In the first chapter, “Development of bilingual and monolingual English-for-medical-purposes exams”, Anita Hegedus compares two oral English for Medical Purposes sub-tests carried out at the University of Pécs in Hungary: one bilingual, for which the instructions are in Hungarian, and one monolingual, which is entirely in English. The study aims to investigate the role of the first part of the sub-tests (i.e. an introductory conversation), the source language of the input and the assessment of each of the tests. The material is made up of a random sample of 100 mark sheets at level B2 (see the ‘Common European Framework of Reference for Language’, Council of Europe, 2001) from the bilingual test. However, Hegedus explains that “[a]ssessment sheets from the monolingual exam were not included in the study because only test exams have been carried out, and thus a sufficient sample of mark sheets was not available” (p. 7).

The results show that the mean score for the introductory conversation for the bilingual test was higher than for the two remaining parts of the test, and that the correlation between this part of the test and the total score was somewhat weaker than for the other parts. The differences between the scores for all the different parts of the test were furthermore statistically significant. Based on these results, the author concludes that “this task [the introductory conversation] is not a valid indicator of measuring speaking skills in English for Medical Purposes” and that the sub-test “impacts negatively on reliability” (p. 10).

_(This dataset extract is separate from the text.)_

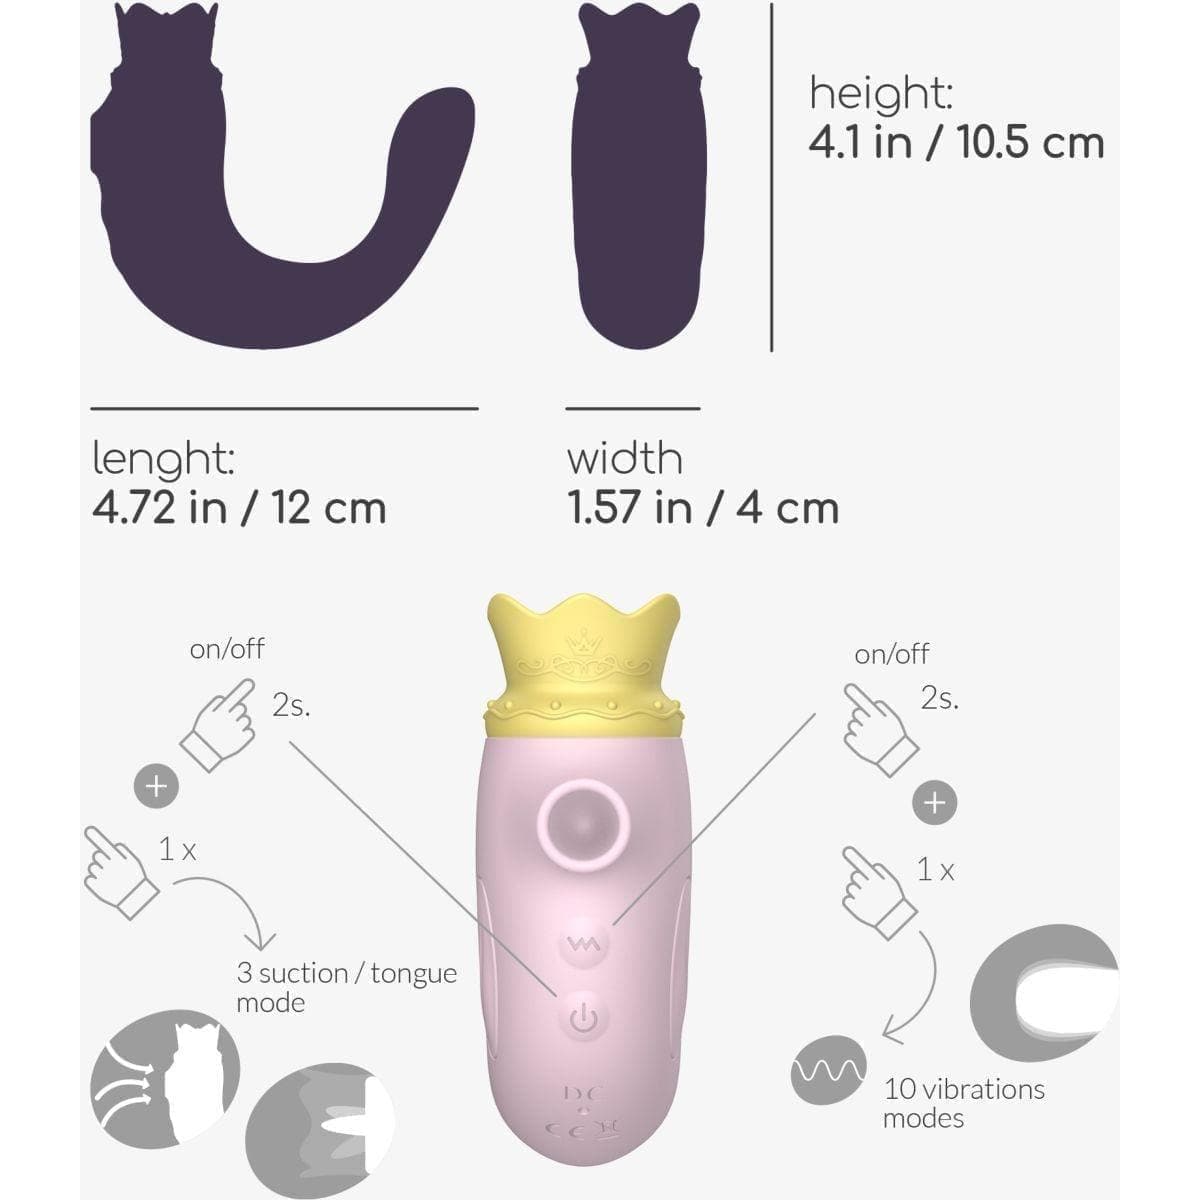 Estimulador Hiri Rosa, 3 em 1, Sucção, Oral, Penetração - Pérola SexShop

However, the results and conclusions drawn would perhaps have benefitted from a more in-depth discussion, as it might not be immediately clear to readers whether the above-mentioned (relatively strong) claims are supported by the statistical tests presented in the chapter. Furthermore, while Hegedus carefully investigated the role of the introductory conversation in relation to the rest of the sub-test for the bilingual test, no results were presented for the monolingual test, due to scarcity of data. The two tests could therefore not be compared. It might thus have been preferable to have changed the title and aims of the study to reflect this, thereby enabling more attention to be paid to the bilingual test throughout the study, as this was an investigation that yielded promising results.

The second chapter, by Marta Conejero López, also addresses a test of oral proficiency in an English for Specific Purposes (ESP) context. This chapter is titled “Speaking skills testing for business administration undergraduates: How to assess persuasive speeches in B1 Business English courses”. In this work-in-progress report, Conejero López gives an account of one way in which Business English students’ speaking skills (in particular with regard to persuasiveness) can be tested and assessed during a 10-hour course module. The materials were developed for students at Universitat Politècnica de València in Spain.

The course module described is intended to help the students improve their persuasiveness and covers preparatory work, a presentation, self-assessment and tutorials. In preparation for the test, the students study relevant vocabulary and phraseology in class; they also watch a short video, where central persuasive strategies are introduced. To prepare the students for the self-assessment, some marking rubrics are presented and discussed.

The test itself involves students preparing and giving a three-minute “persuasive speech” (p. 18). The speeches are video recorded, and the recording is to be submitted along with the script for assessment. The students subsequently assess their own performance. As the main objective of the course module is for the students to “gain confidence with speech content, speech quality and persuasive strategies choices” (p. 20), aspects like overall fluency and grammar only receive limited focus. Towards the end of the module, tutorials are carried out, where the students are asked to discuss the results with their teacher. According to Conejero López, expected benefits of this course module include improvement of students’ persuasive speech production and increased student motivation.

In this chapter, the author not only provides an inspirational account of the module design, but also shares her materials and links, which will no doubt be useful for Business English teachers around the world. However, since the chapter aims to present on and share teaching materials for a course module, rather than to present the results of a study, a slightly different structure would perhaps have suited the paper better; the current IMRD (Introduction, Method, Results, Discussion) structure leads the reader to expect presentation and discussion of actual results (rather than expected results).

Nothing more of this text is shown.